Chapter XII - Inglesham

Where Thames Smooth Waters Glide - Inglesham,
Map: Inglesham

Do not attempt to force the Thames above Inglesham, in dry seasons, with a heavy laden double sculler! I tried it once, with the intrepidity of egregious inexperience; and after the third shallow contemplating a fourth I desisted, grateful enough to the god of the stream that after incredible efforts I managed successfully to force my craft back over the scours to Lechlade. It is better at such times, and with such a craft on your hands, to tramp the rest of the journey.

Half a mile above Lechlade stands the Round House, two hundred and fifty feet above sea level. This Martello tower-like structure, with its poplar group reminiscent of Iffley, but much more ragged, marks the junction of the Thames, the Thames and Severn Canal, and the Colne. The Thames comes round from the southwest; and the canal is the midmost of the three, barred by lock gates. It was opened under very high auspices and with golden hopes in 1799, its bed of thirty miles having taken seven years to excavate. "The canal cutters," says Mr. Hutton,"must have been quite a colony in Lechlade; the registers for one year shew six deaths and four baptisms" amongst them. It has always, however, been more or less unsuccessful, usually more. The Great Western Railway bought it up in 1893 and forthwith closed it. A trust formed by Act of Parliament then reopened it in 1895, with an annual guarantee of six hundred pounds for thirty years from various county and district councils. But the constant repairs necessary from its long summit level in porous limestone have proved too expensive for its income, and it is still maintained at a heavy loss. The Colne, the third of the trio, rises near Shipton in Gloucestershire, and runs a course of about twenty-three miles.

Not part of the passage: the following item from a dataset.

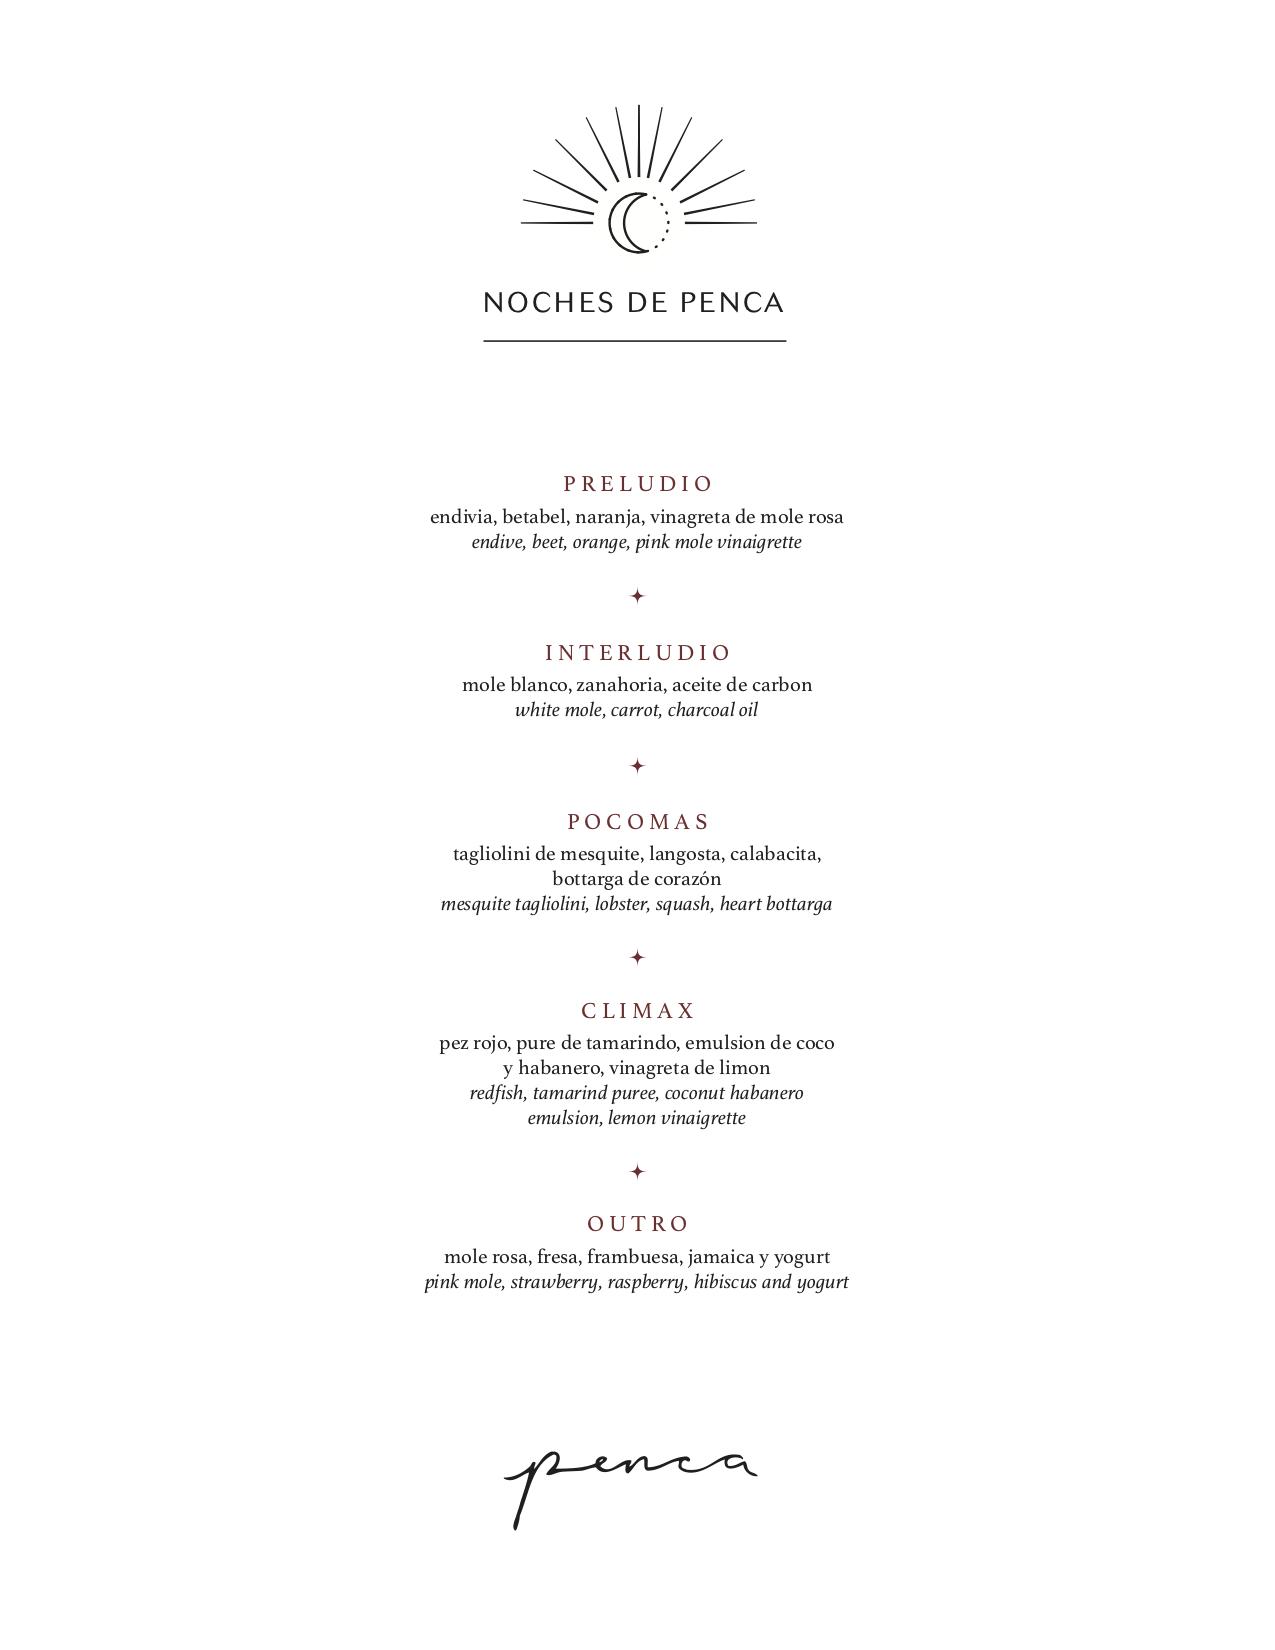 Noches_menu.png

Inglesham church is quite close above, on the right bank. William Morris was enthusiastic about it: "a lovely little building," he thought; "like Kelmscot for size and style, but handsomer and with more old things left in it. " It is a tiny place, only forty-nine feet by thirty-six, and sadly needs repair; though not "restoration"; looking as though it had never been touched since the end of the twelfth century, when it was built and given by John to his favourite abbey at Beaulieu.

An archaic bas-relief of the Blessed Virgin and Child is built into the outer south wall, with a Hand pointing downwards to Him, as in a fragment at Latton by Cricklade; the whole surmounted with MARIA. They say it was once in the priory chapel by St. John's Bridge. In the churchyard is a fine cross fifteen feet high, unusually perfect.

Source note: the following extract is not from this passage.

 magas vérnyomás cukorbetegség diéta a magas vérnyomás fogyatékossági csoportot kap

[ Fred, in Additions and Corrections, adds: There exists in the North Meadow in Inglesham a piece of land of about an acre, which between the twenty-fifth of March and the twelfth of August in every year reverts to the parish officers. The origin of this peculiar tenure is unknown, but the churchwardens have, from time immemorial, let the right to the grass between these dates. ]

A very little way upstream the River is often, as I have just said, impracticable for anything heavier than a canoe travelling very light and easy to float over the shallows, which are frequent and shew in places but an inch or two of water rippling over the white chalk pebbles for fifty yards together. And there are stretches of clotted reed that sullenly clog the whole width of the course for a quarter of a mile at a time. These scours recall what must often have been the state of the River even far lower in olden days. Dr. Plot wrote: "In dry times barges do sometimes lie aground three weeks or a month or more, as we have had sad experience in past summers. " "Flashing" was often resorted to as a relief to navigation. Stanches were placed above the shallows to dam the River, and when suddenly removed the barges were floated down by the sudden rush of water. These were the old "locks," or "whirlpools," of which I wrote at Osney.

The River Cole enters the Thames by its smaller outlet on the right bank two or three meadows above Inglesham; its larger mouth is a few yards above St. John's lock. About a quarter of a mile higher on the right bank is the boundary between Berkshire and Wiltshire. How solitary the waterside and all the surroundings are along here. Between Inglesham and Kempsford scarcely a farm to be seen, and never a village; for geological reasons, perhaps; the soil between being mostly clay and alluvial. Would this reason apply also to those long thirty miles of solitude below Lechlade?